The calendar year loss ratio increased in 1H21, with wide divergence in commercial and -personal lines results. Reported industry direct loss ratios show strong improvement in other liability and commercial auto segments.

Personal auto results materially deteriorated as driving activity and claims frequency normalise from unusual pandemic-influenced declines in 2020, while homeowners segment weakness reflect unusually high first-quarter winter storm losses.

The full-year industry combined ratio and ROS is anticipated to approximate midyear levels. Personal and commercial lines underwriting performance will likely diverge further in the second half of 2021.

Personal auto pricing actions are likely to lag deterioration in loss experience. The homeowner lines face further potential catastrophe-related insured losses on top of the $20 billion-$30 billion estimates by modelling firms for Hurricane Ida.

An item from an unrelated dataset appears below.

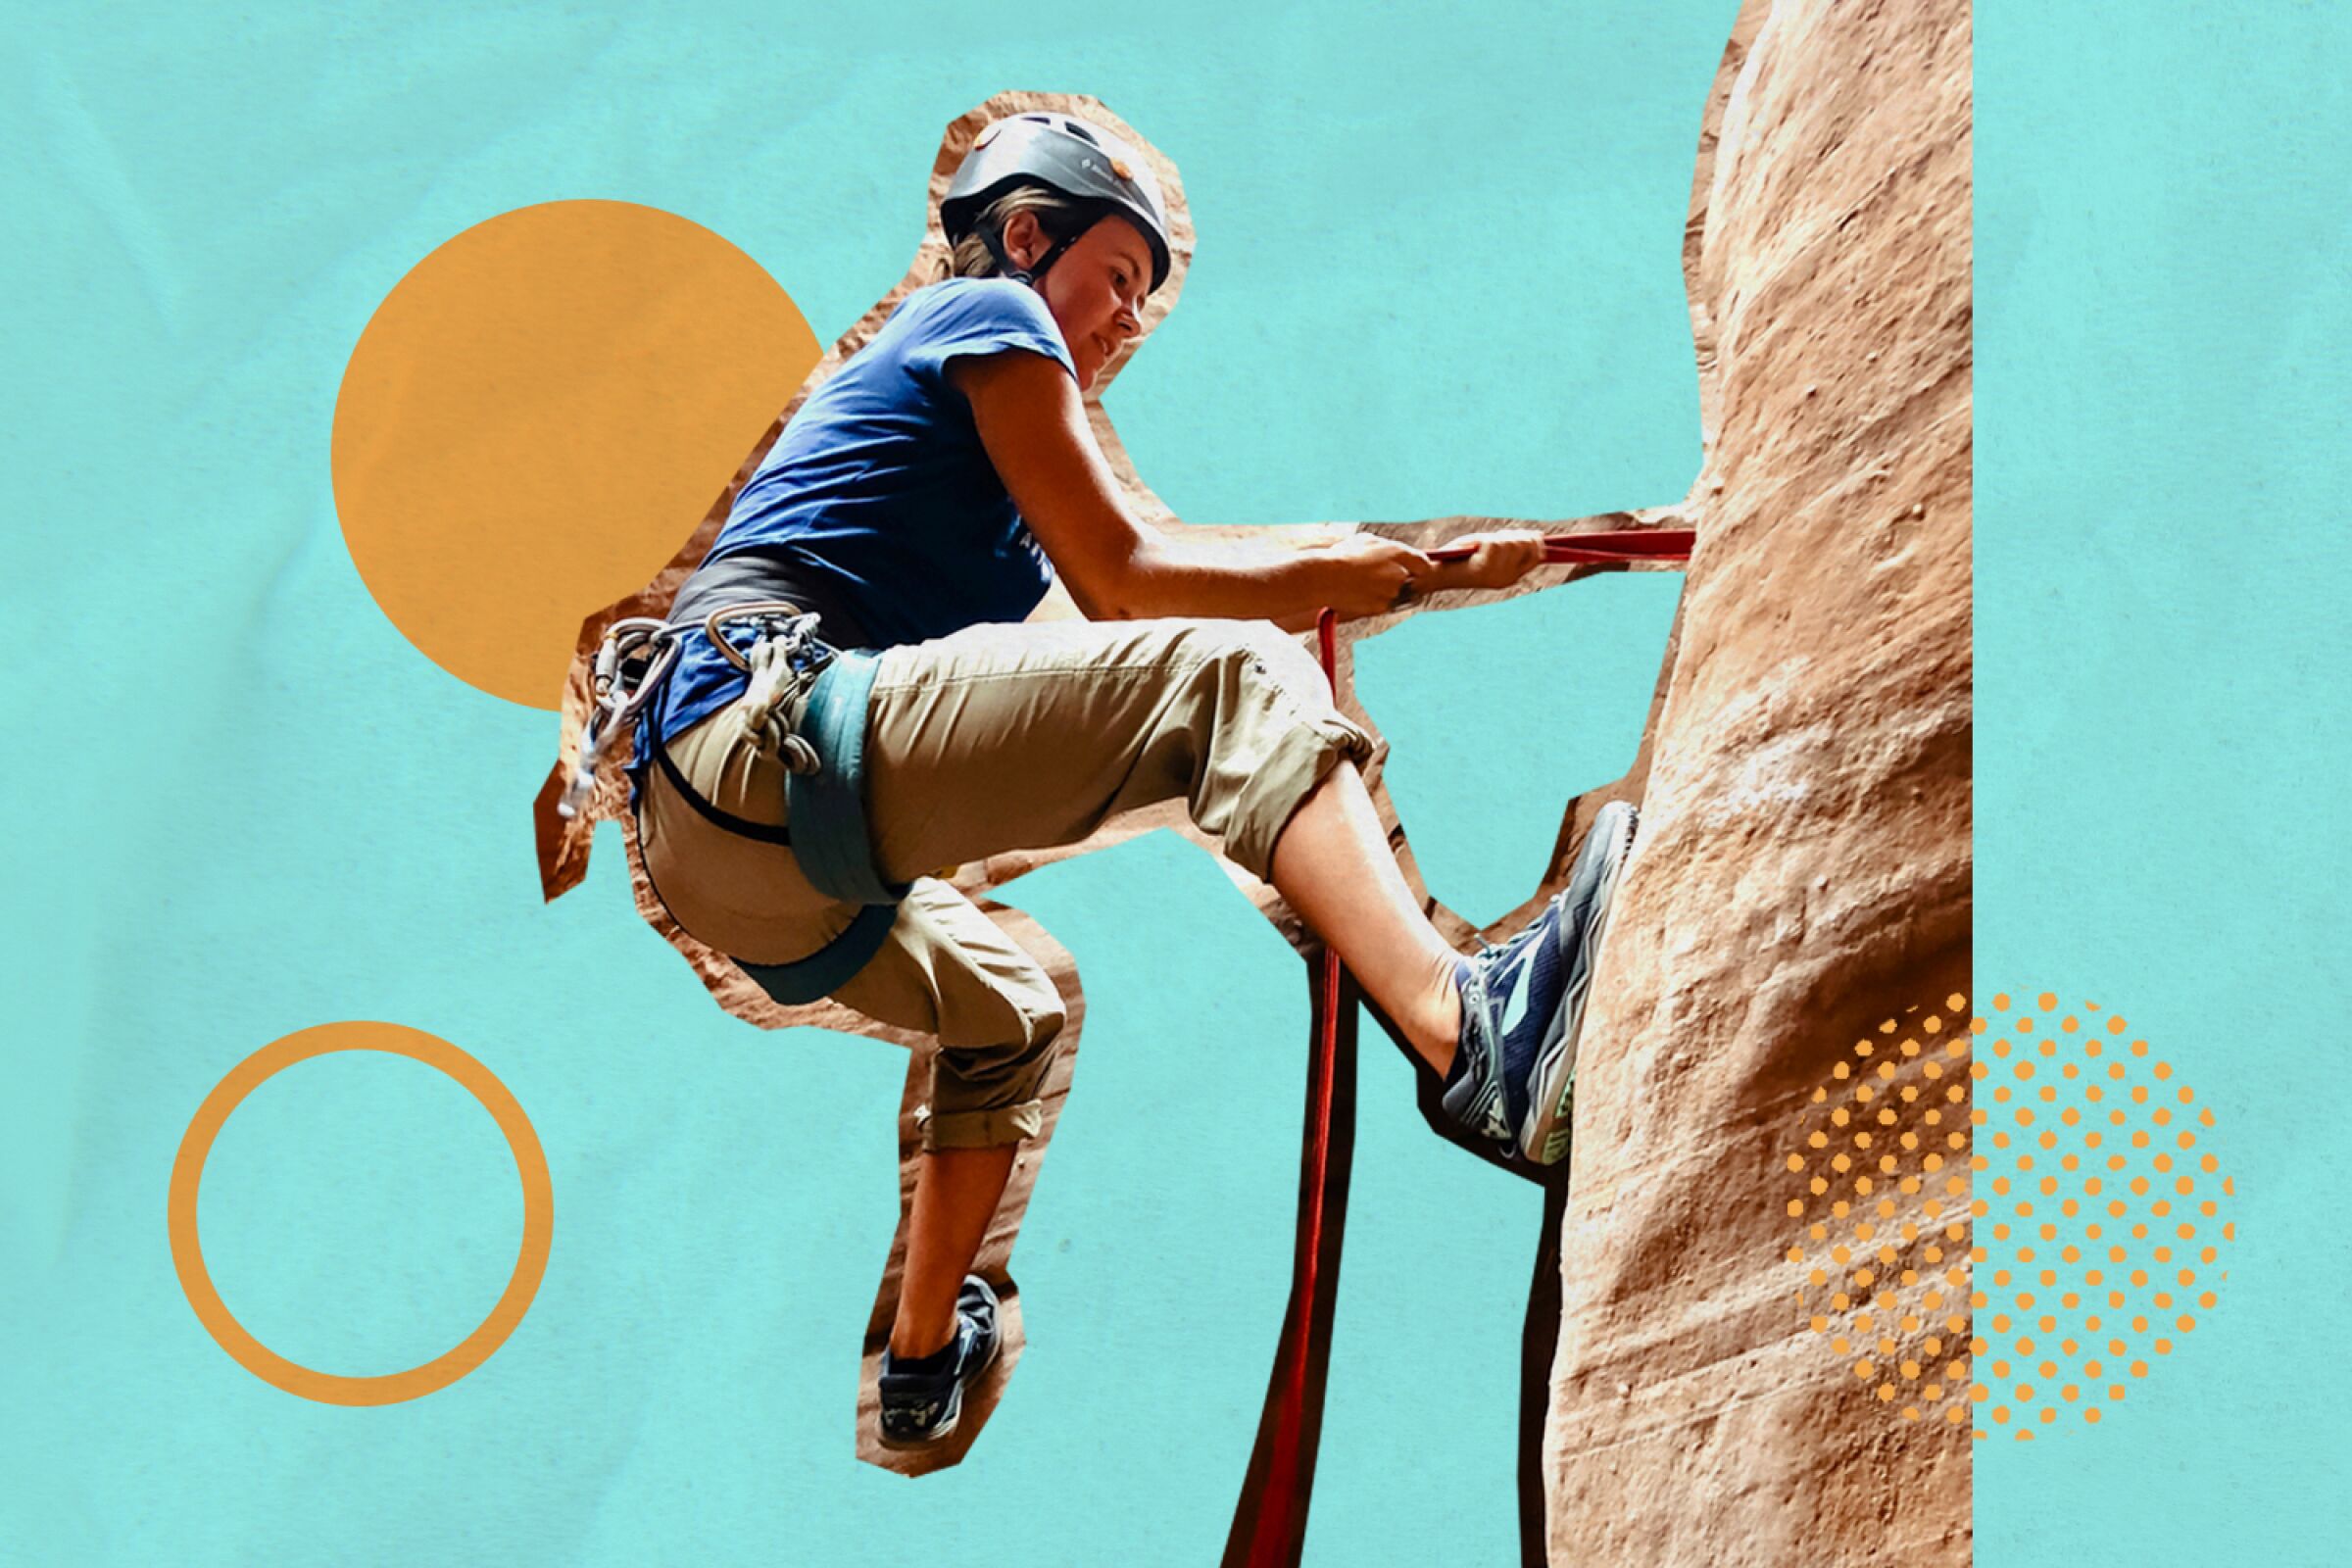 A woman climbs a canyon wall
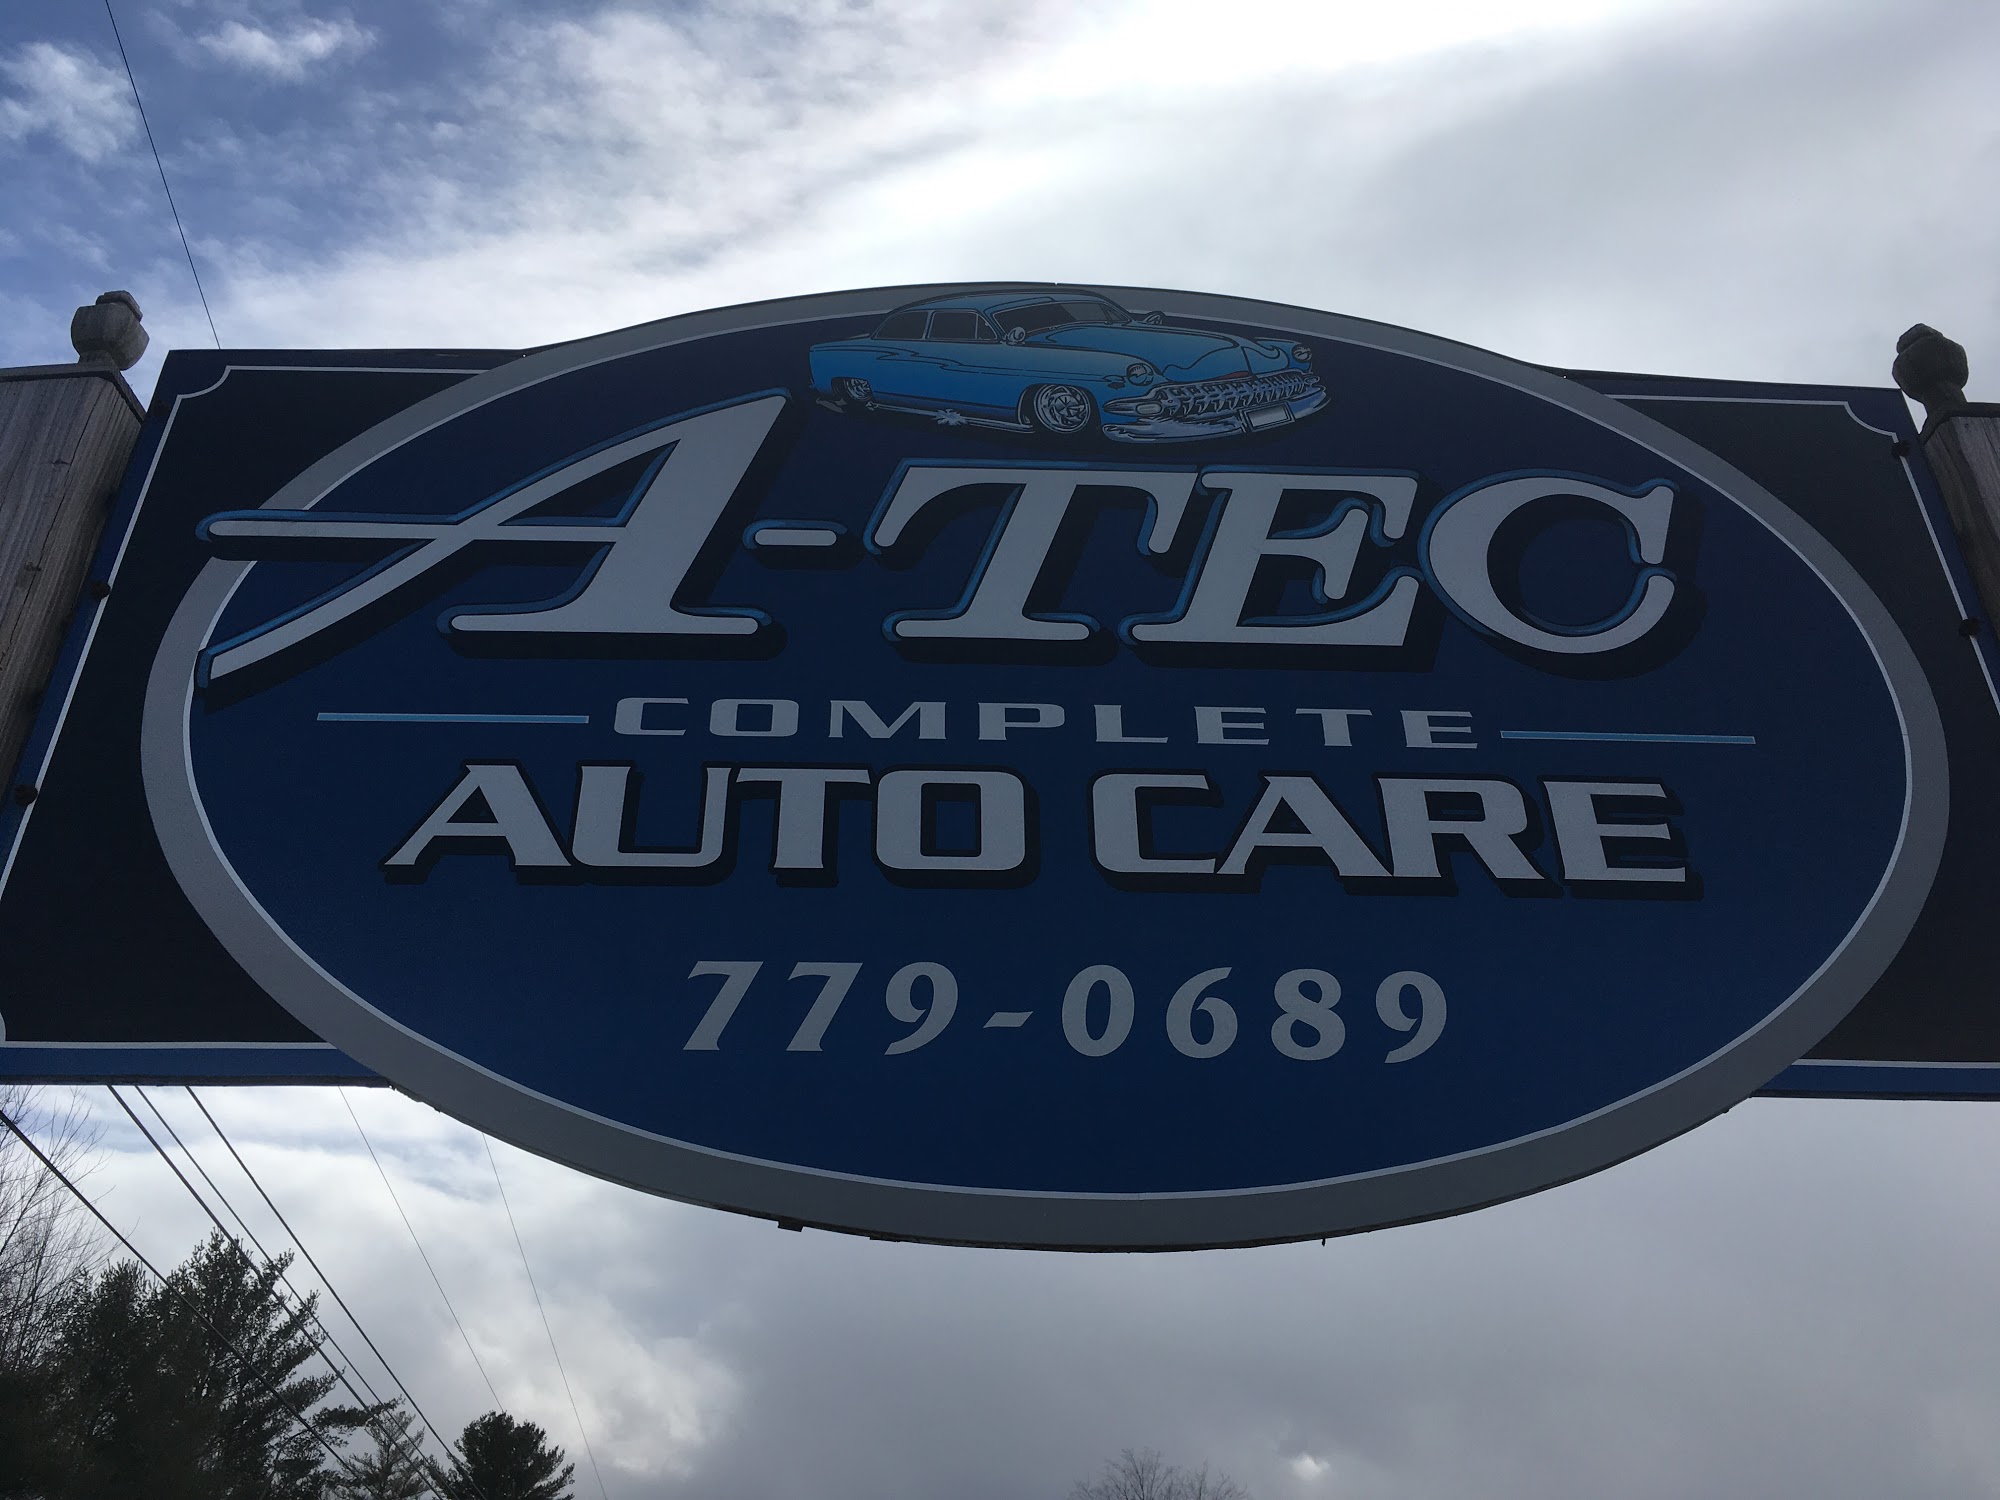 A Tec Auto Sales and Service

Statutory earnings growth and an 18% increase in industry policyholders’ surplus over the past 12 months to a level approaching $1 trillion are partly a function of favourable investment returns on equity and alternative investments and stable credit market conditions.

Surplus growth and improving capital adequacy measures are positive factors supporting ratings stability for covered insurers.

These factors also enhance insurers’ ability to withstand future volatility from events such as natural catastrophes, equity market correction, or reserve deficiencies emerging from a higher inflation environment.